Roma – Lo shared access , l’ultima novità che ha infiammato il mercato Adsl, lo sta facendo girare come una trottola, consegnandolo a nuove evoluzioni. Già, perché lo shared access di Wind e Tiscali , promessa di Adsl veloce a costo ridotto, è solo l’inizio: gli Isp si stanno guardando intorno, stretti come sono in una morsa. Si devono adeguare: “La paura è di uscire dal mercato”, spiega a Punto Informatico Paolo Nuti, presidente dell’ Aiip , l’associazione dei principali provider. E quindi tireranno fuori anche loro qualcosa dal cilindro, visto che per ora Wind e Tiscali, grazie appunto allo shared access, hanno offerte con un rapporto prezzi/prestazioni imbattibile. Rispettivamente, 29,95 euro al mese per un’Adsl a un Mbps, 36,95 euro al mese per un’Adsl a 2 Mbps.

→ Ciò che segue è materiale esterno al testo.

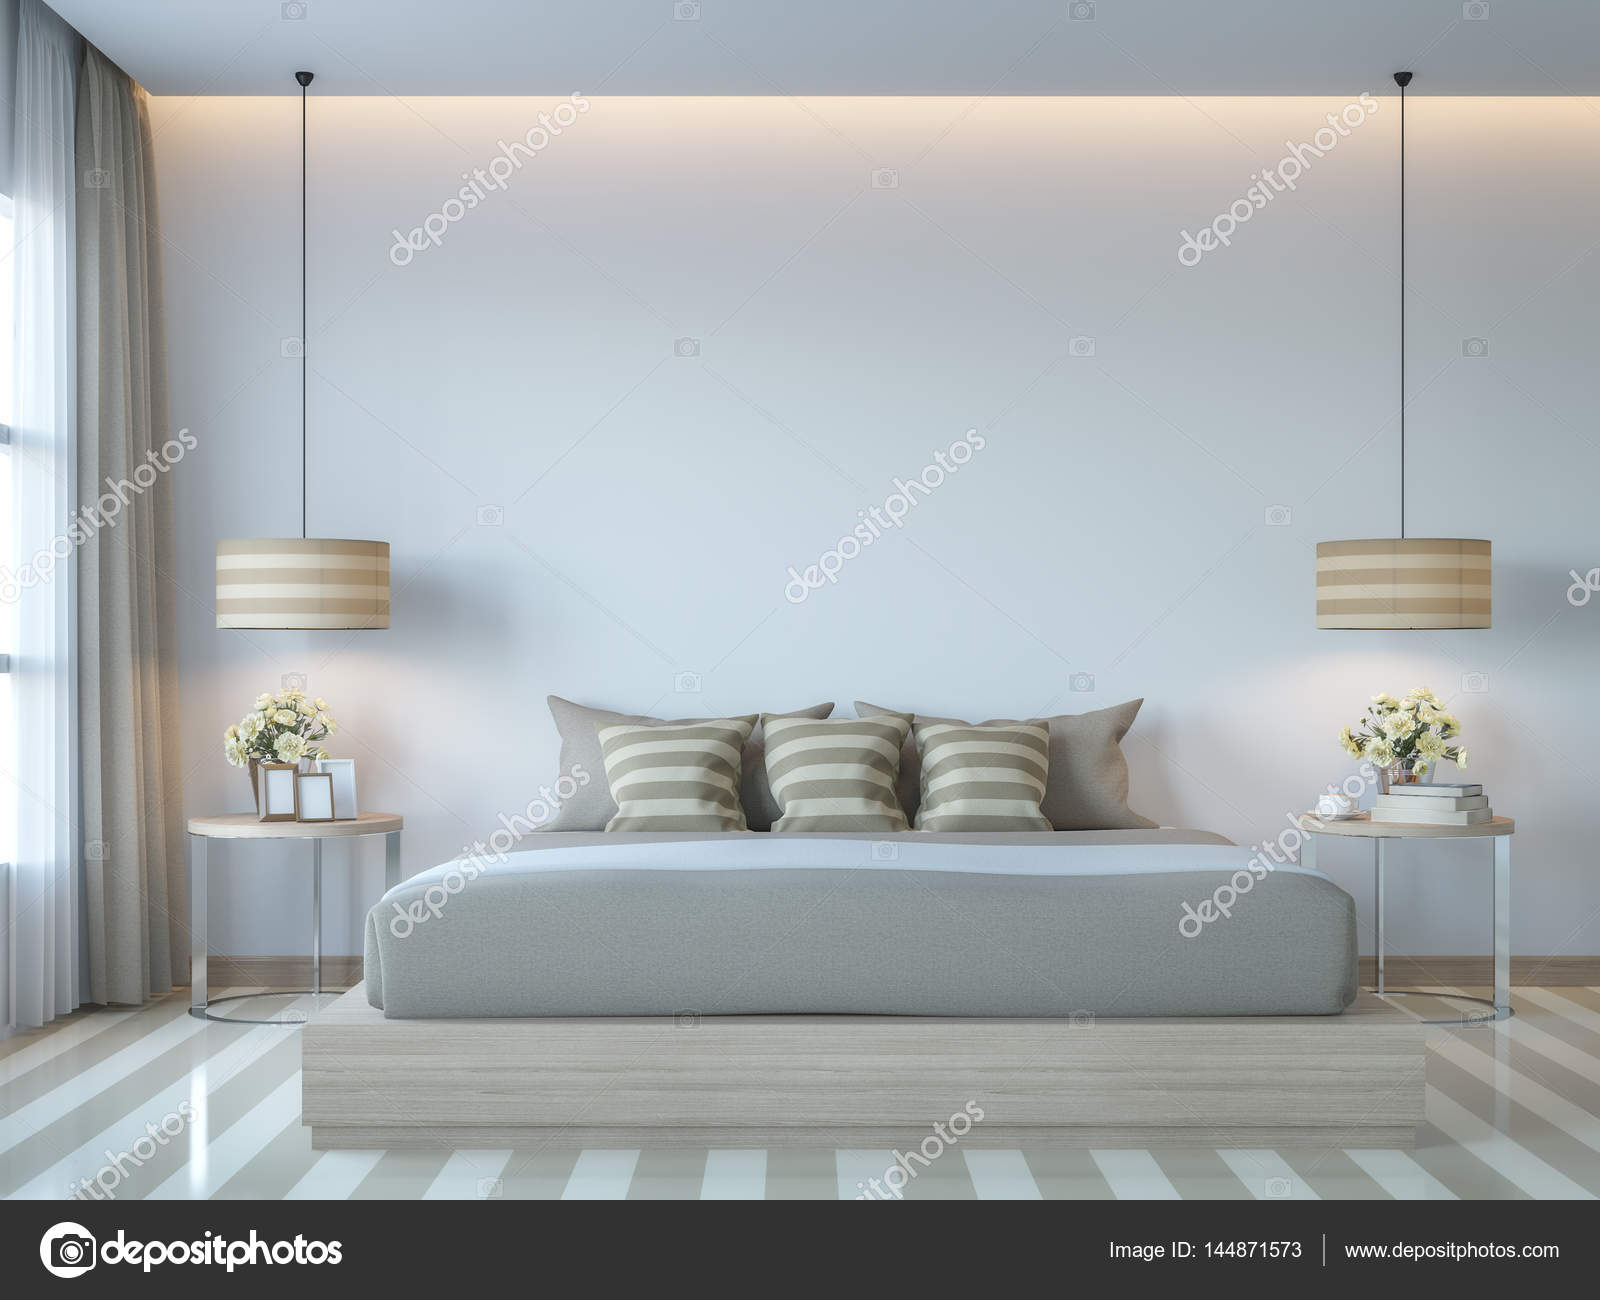 Camere Da Letto Stile Minimalista : Bianco moderno camera da letto stile minimal rendering d immagine

Sono giorni infuocati, in cui “gli Isp stanno facendo per bene i conti, per capire se conviene davvero investire in infrastrutture e passare allo shared access. Ma quello che abbiamo scoperto apre molti punti di domanda”. E cioè che lo shared access ha una serie di costi occulti che, in alcuni casi, possono gravare sulla testa del provider fino a farla vacillare. Ma allora c’è davvero il rischio che i provider minori soccombano, non potendo scommettere sullo shared access? “Calma. In realtà sta per spuntare un’alternativa: il BitStream”, dice Nuti. Telecom Italia l’ha annunciato venerdì scorso, un po’ in sordina. Sarà un’alternativa all’acquisto dell’Adsl all’ingrosso e, a detta di Telecom, arriverà entro il 31 dicembre 2004.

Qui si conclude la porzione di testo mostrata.